BackgroundIn 1971, Watson classifie

Background

In 1971, Watson classified ammonia-oxidizing bacteria into four genera based upon morphology, fine structure, and percentage of guanine-cytosine (GC) within genome of 27 strains of nitrying bacteria. Nitrosomonas and Nitrosocystis species form one group, both of them belong to gammaproteobacteria. Nitrosolobus and Nitrosospira form another group; both of these belong to betaproteobacteria. Later this classification wass confirmed by 16S rRNA sequence (Head 1993, Purkhold 2000). The sequence of amo and pmo genes are also utilized to build the phylogenetic tree (Purkhold 2000)
Nitrosococcus halophilus is the closet related species to Nitrosococcus oceani. Among other cultivated aerobic AOB, N.oceani and N. halophilus are the only two organisms that are gammaproteobacterial AOB, the rest are Betaproteobacteial AOB. Nitrosococcus oceani resides in saline environment, found in marine world or seawater. Its presence is detected using immunofluoresence and FISH. (Klotz 2006))
Structure and Metabolism

N.oceani's morphology ranges from spherical to ellipsoidal. Cells are 1.8-2.2 micrometer in diameter. Its cell wall is as thick as 250A while the plasma membrane's thickness is 80A. It is found as diploids, or occasionally as tetrads, and has flagella and two layers of membrane (Watson 1962). Within the cell there is a dense enveloping layer making up inner triplet structure; there is a series of flattened membrane-bound organelle lined up in the middle of the cell .
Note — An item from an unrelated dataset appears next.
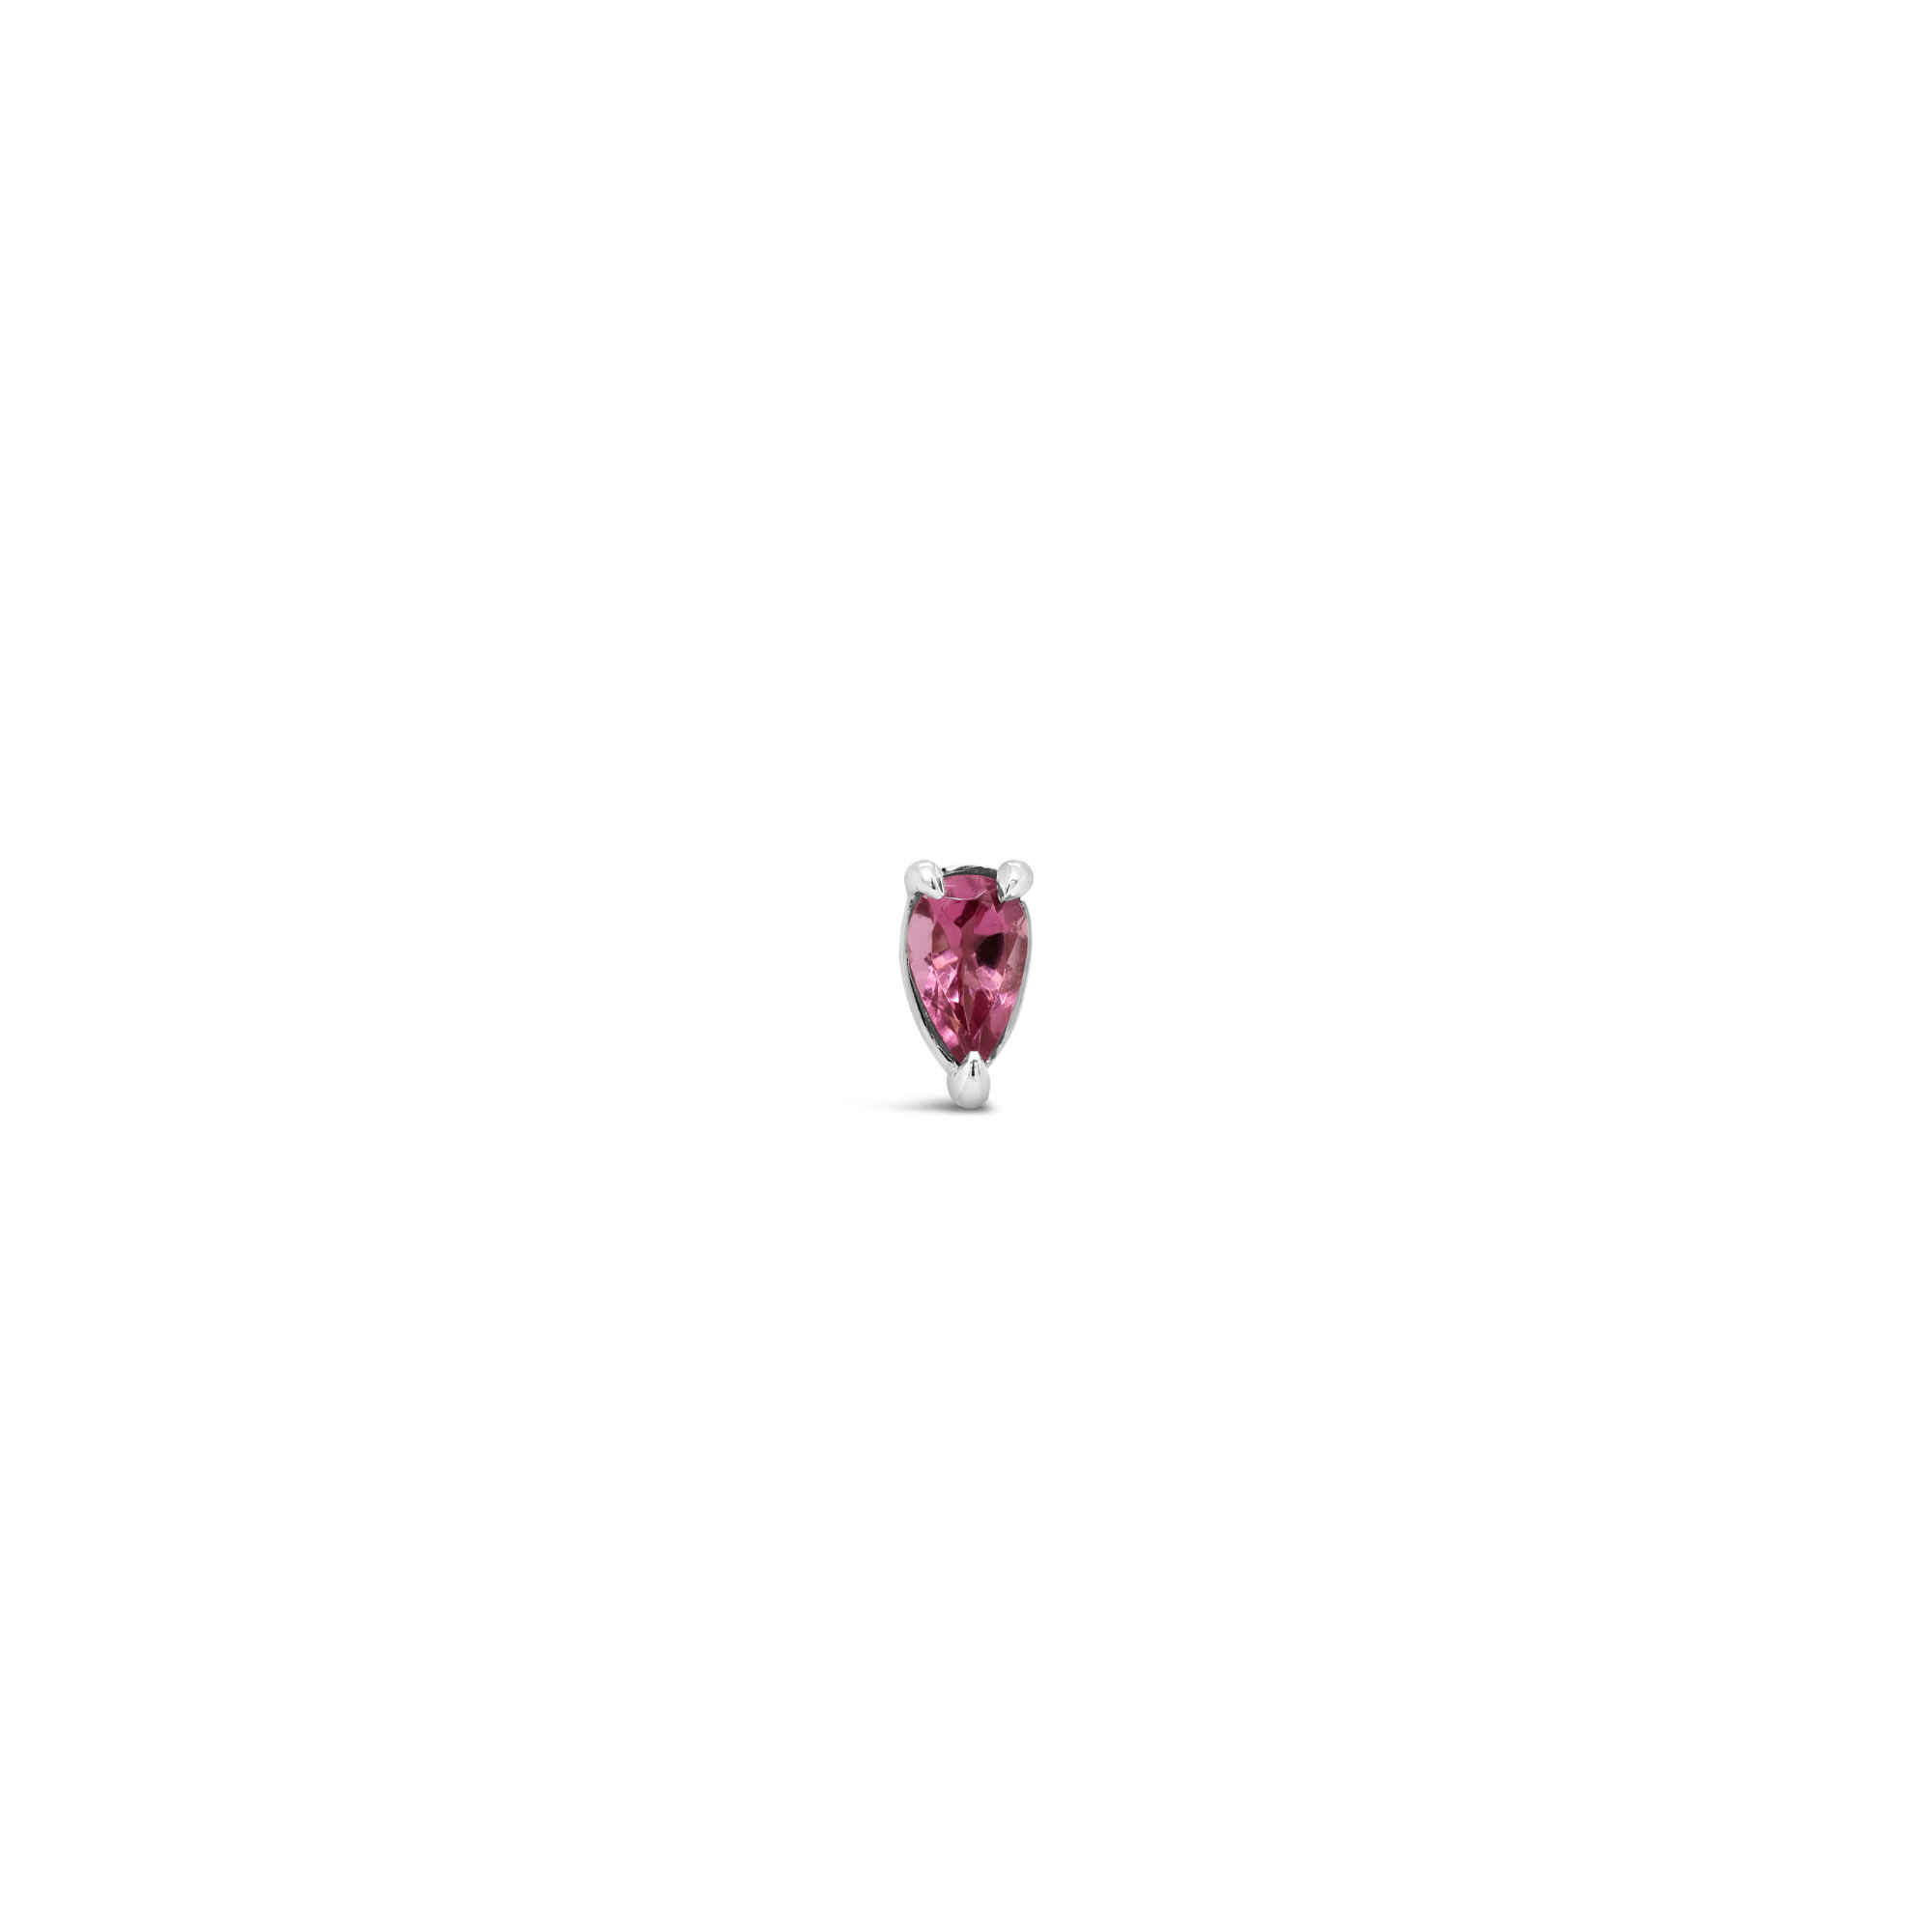 Pear cut pink tourmaline single earring

Nitrosococcus oceani relies on oxidizing ammonia to nitrite to obtain energy for growth. However, being a member of Chromatiaceae, N.oceani also participate in the sulfur cycle; it reduces sulfate into H2S (Klotz 2006).
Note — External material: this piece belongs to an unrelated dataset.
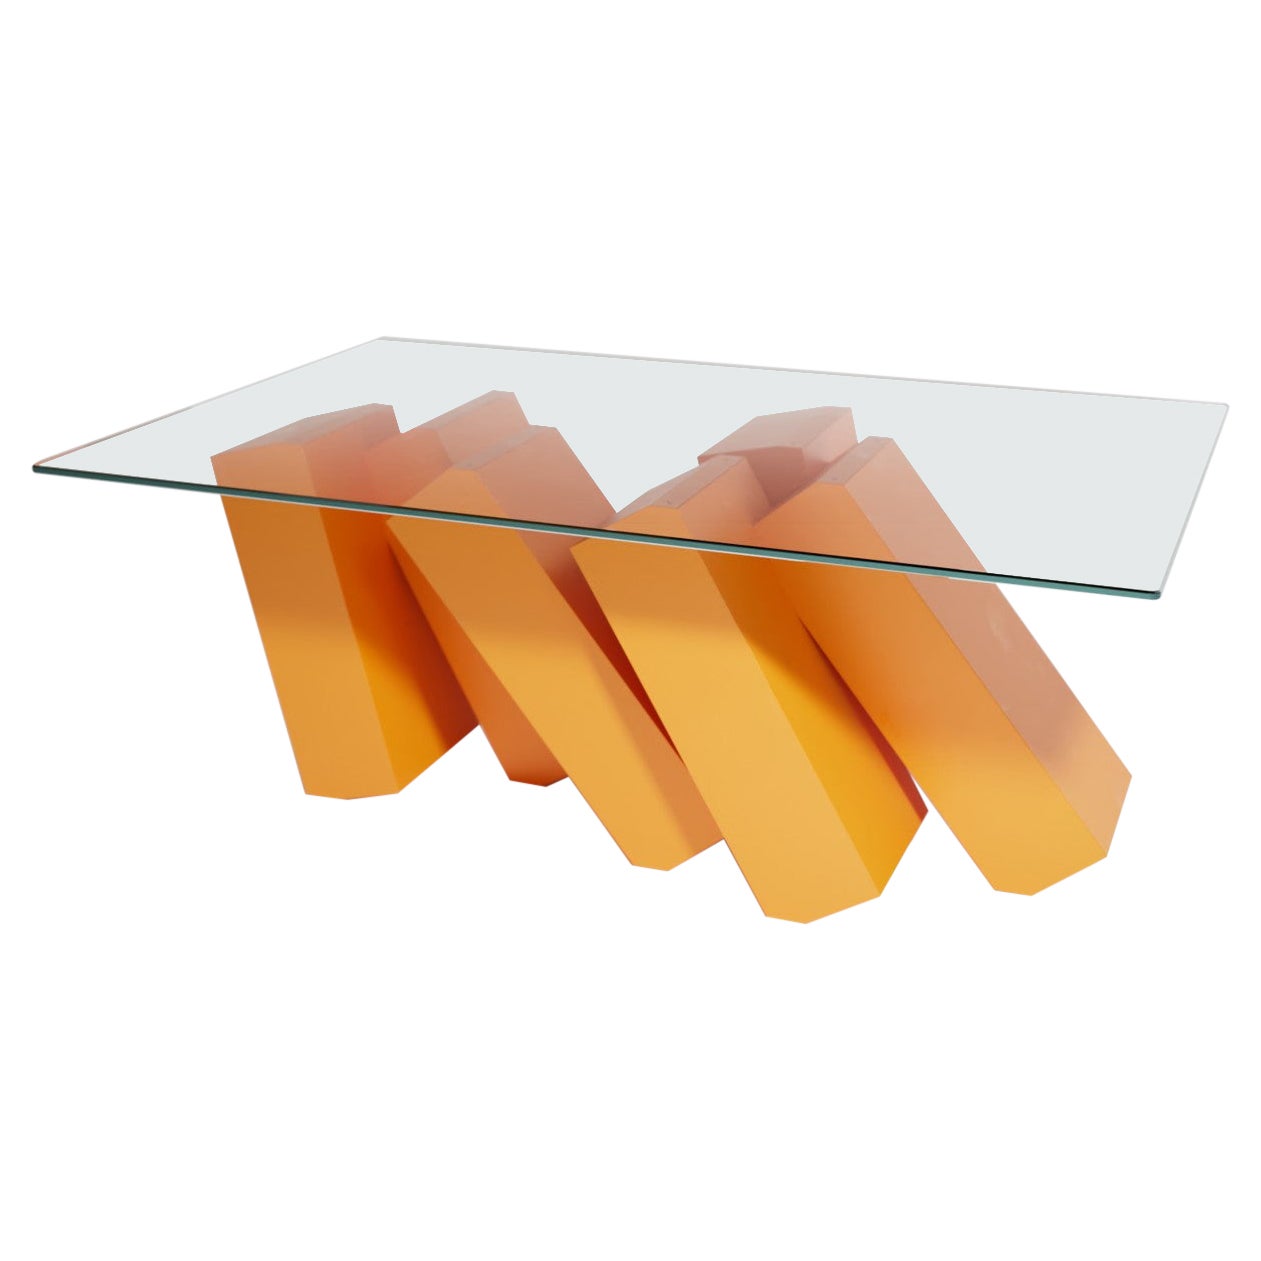 Table basse rectangulaire futuriste en revêtement en poudre orange

As ammonia is transported into the cell, it passed by the membrane bound hertero-trimeric copper ammonia monooxygenase (AMO) enzyme to be oxidized to hydroxylamine (Hooper, 2005). The uptake of ammonia is regulated by the ratio of glutamine and glutamate (Klotz, 2006). Hydroxylamine is then oxidized to nitrite by periplasmic hydroxylamine oxidoreductase (HAO), which binds to seven c-type hemes and an active site heme, heme P460 (Numata 1990). HAO is also called octaheme HAO. The hydroxylamine which is missed by HAO would be oxidized by periplasmic monoheme cytochrome P460 protein (Vannelli 1996). The process of oxidizing is also found in the closely related genera Nitrosomonas and Nitrosospira of Betaproterobacteria (Head 1993). It is studied extensively in Nitrosomonas europaea. The process of oxidizing ammonia is done by following the flow of the electron. The electron obtained by octaheme HAO is transferred to membrane-bound ubiquinone mediated by tetraheme cytochrome c554 and membrane-associated tetraheme cytochrome cm552. Finally two electrons are fed into AMO and two into electron transport chain to cytochrome oxidase. The drawn-out steps of the process of oxidizing ammonia is supported by the clustering of hao genes in N. europaea (Bergmann, 1994). And Bergmann argues later in 2005 that the clustering of hao genes, with the backup of phylogenetic analyses, evolved in the gammaproterobacterial ancestors of extant autotroph ammonia oxidizing bacteria. The hao gene cluster found residing in betaproteobacterial aAOB as a result of horizontal gene transfer.